- Directed by: Johannes Naber
- Written by: Johannes Naber
- Produced by: Boris Schönfelder; Dritan Huqi;
- Starring: Nik Xhelilaj; Xhejlane Tërbunja; Ivan Shvedoff; Amos Zaharia; Stipe Erceg; Çun Lajçi; Yllka Mujo; André Hennicke;
- Cinematography: Sten Mende
- Edited by: Ben Von Grafenstein
- Music by: Oliver Biehler
- Distributed by: Arte; Neue Schönhauser Filmproduktion; On Film Production; Südwestrundfunk (SWR);
- Release dates: June 23, 2010 (Moscow); June 28, 2010 (Germany); October 30, 2010 (Albania);
- Running time: 105 minutes
- Countries: Albania; Germany;
- Languages: Albanian; German;

= The Albanian =

2010 German-Albanian drama film

The Albanian (Der Albaner, Shqiptari) is a 2010 German-Albanian drama film directed by Johannes Naber and starring the Albanian actor Nik Xhelilaj.

==Plot==
For the sake of love and the situations imposed by the life in his country, Arben emigrates to Germany.
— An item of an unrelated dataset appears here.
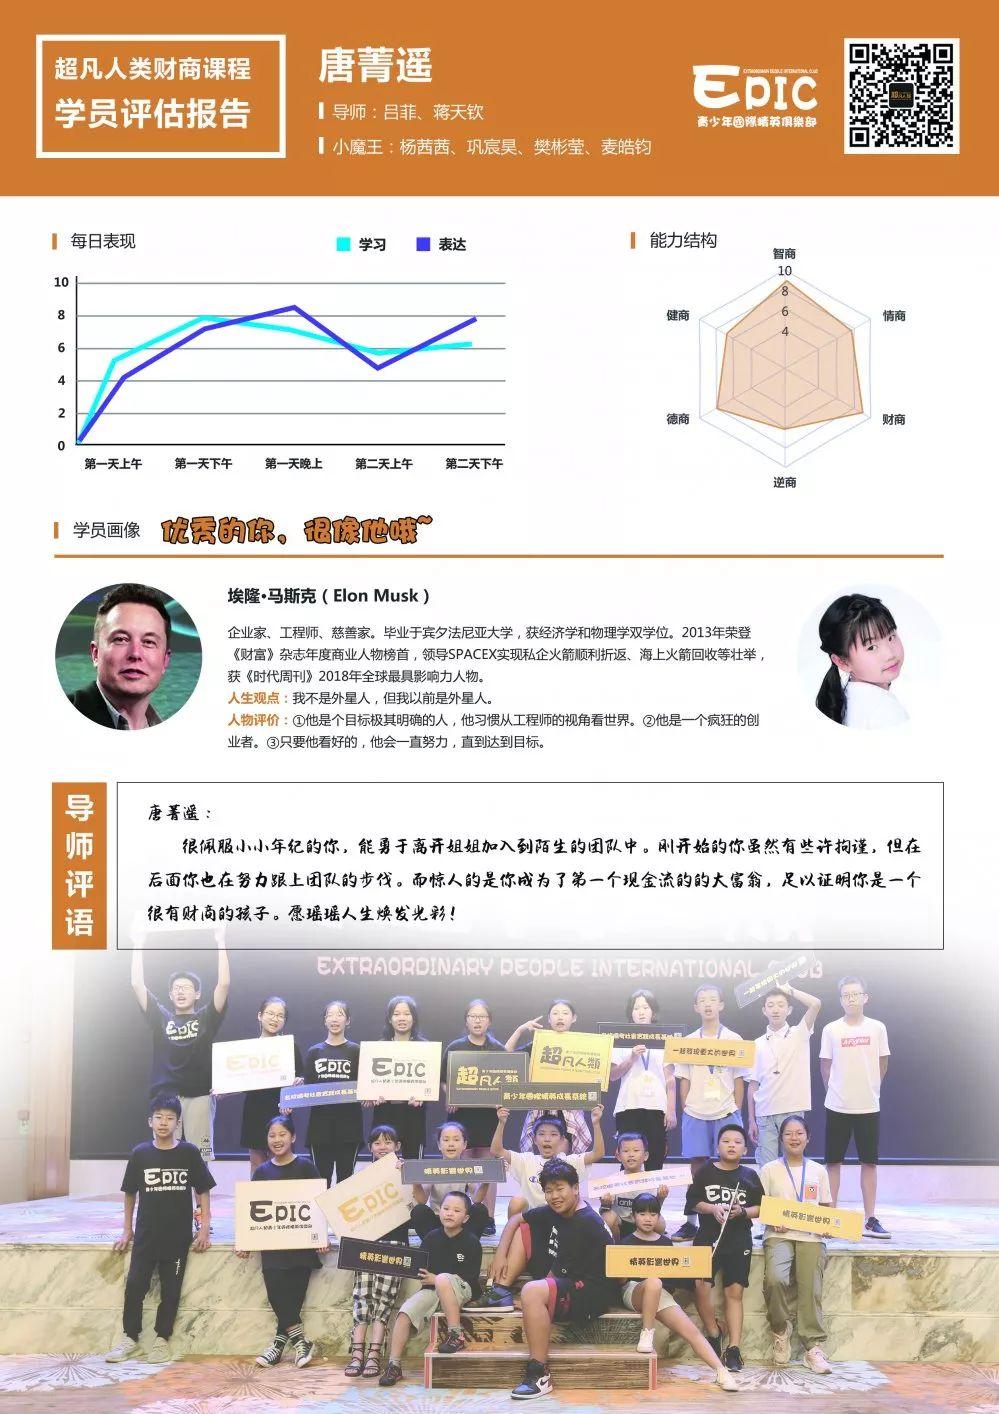 8岁超凡演讲者唐菁遥:不要等待机会,而要创造机会插图(3)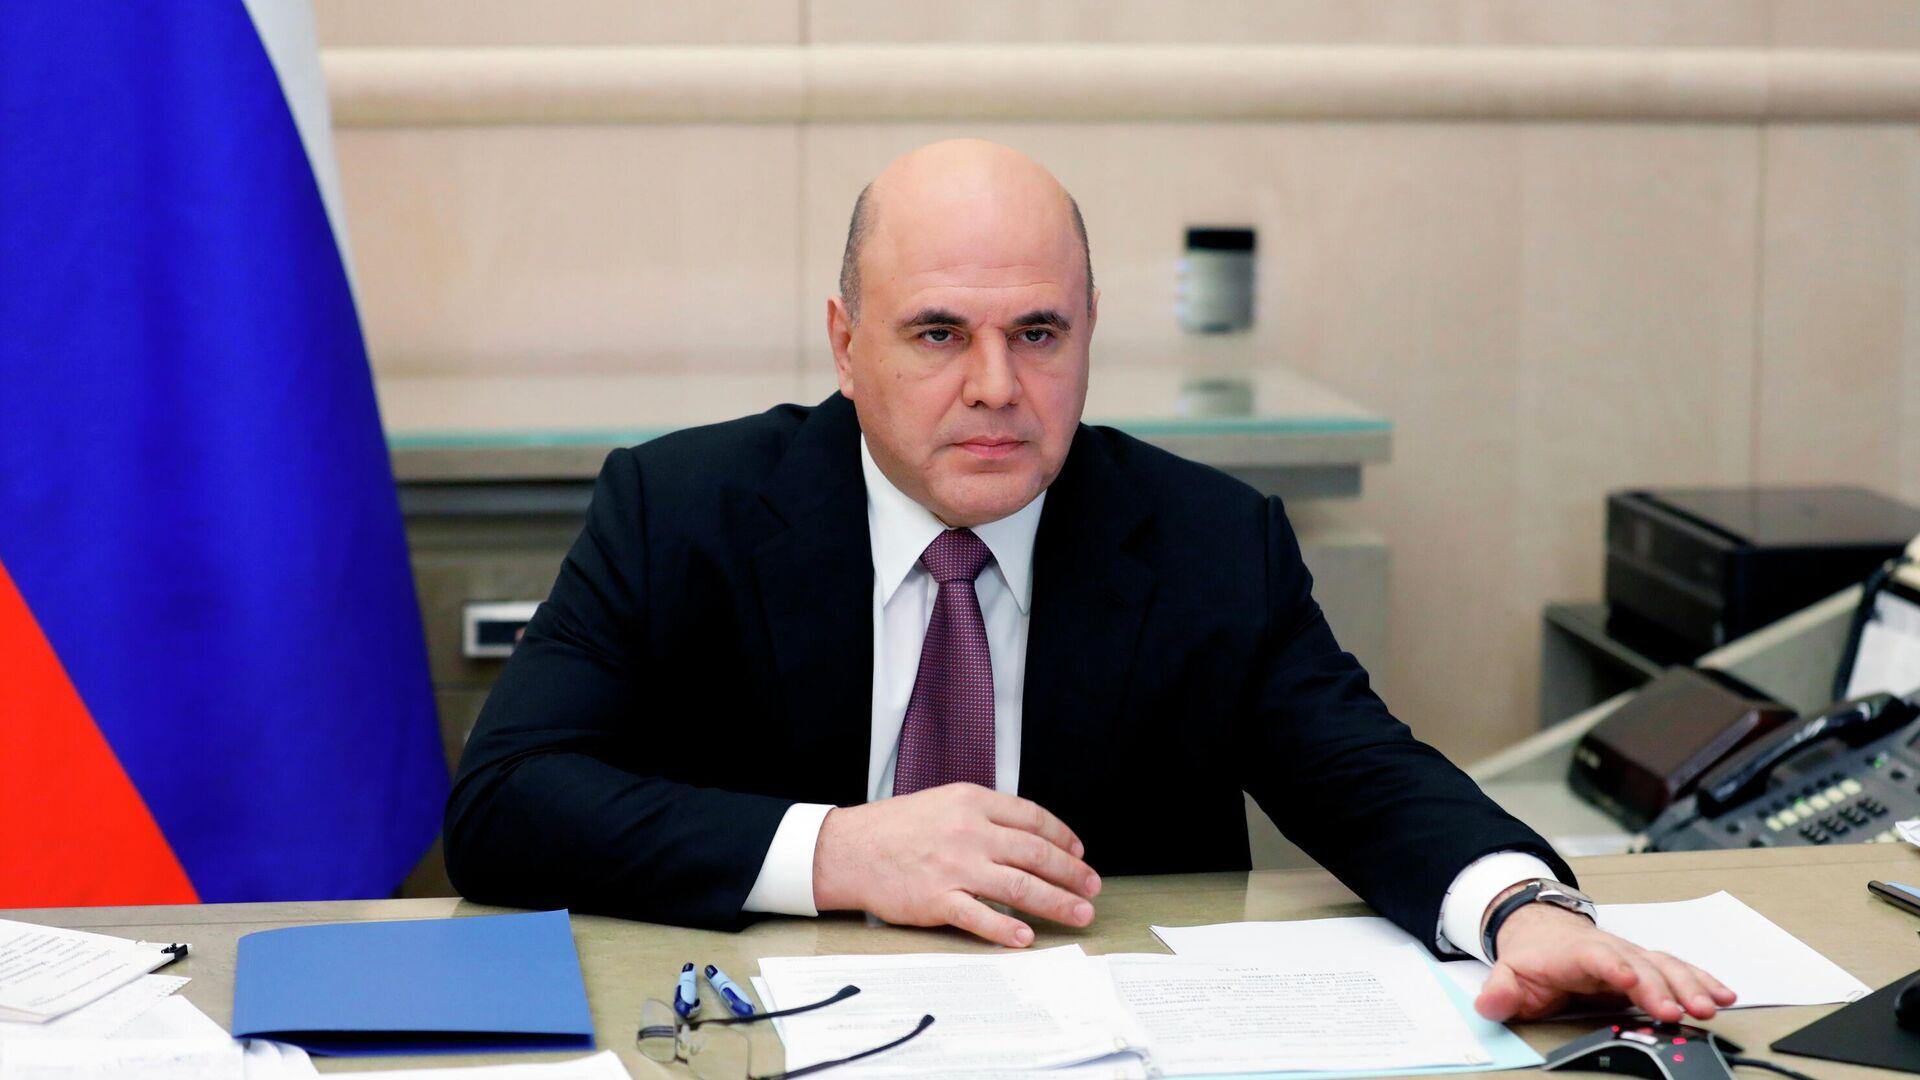 Председатель правительства РФ Михаил Мишустин - РИА Новости, 1920, 22.03.2021

An illegal emigration, in search of money, a subtle condition to protect his love; an adventure that unintentionally confronts him with the unmerciful world of crime.

==Cast==
- Nik Xhelilaj as Arben Shehu
- Xhejlane Tërbunja as Etleva Petriti
- Ivan Shvedoff as Slatko
- Amos Zaharia as Ilir Shehu
- Stipe Erceg as Damir
- Eva Löbau as Nicola
- Çun Lajçi as Arben's father
- Luan Jaha as Arben's uncle
- Yllka Mujo as Etleva's mother
- Guljelm Radoja as Etleva's father
- Bruno Shllaku as Sali
- Julian Deda as Florenç
- Besmir Halitaj as Taulant
- Ledio Janushi as Skerdi
- Elton Lomthi as Artan
- Hazir Hazir as Edon
- André Hennicke as the pharmacist

== Awards and competition ==
Within a short screening period, the film won several awards. The leading actor Nik Xhelilaj earned three Best Leading Actor awards in three different film festivals.

Awards won
- Filmfestival Max Ophüls Preis 2011
  - Best Film / Max-Ophüls-Preis
- Cinéma Tous Ecrans - Geneva international Film Festival 2010
  - Best Film "Reflet d'Or" (Ex aequo)
  - Public Award for Best long feature film
- 32nd Moscow International Film Festival
  - Special Jury Prize "Silver George"
  - Best Actor Prize "Silver George" for Nik Xhelilaj
- Bergen International Film Festival 2010
  - Special Jury Mention
- PriFilmFest - Prishtina International Film Festival 2010
  - Special Jury Award for the film
  - "Golden Goddess" Best Actor Award for Nik Xhelilaj
- 47th Antalya "Golden Orange" International Film Festival
  - Best Actor Award for Nik Xhelilaj in the International Feature Competition

The film has also competed in other film festivals such as the 45th Karlovy Vary International Film Festival, 15th Busan International Film Festival and 22nd Palm Springs International Film Festival.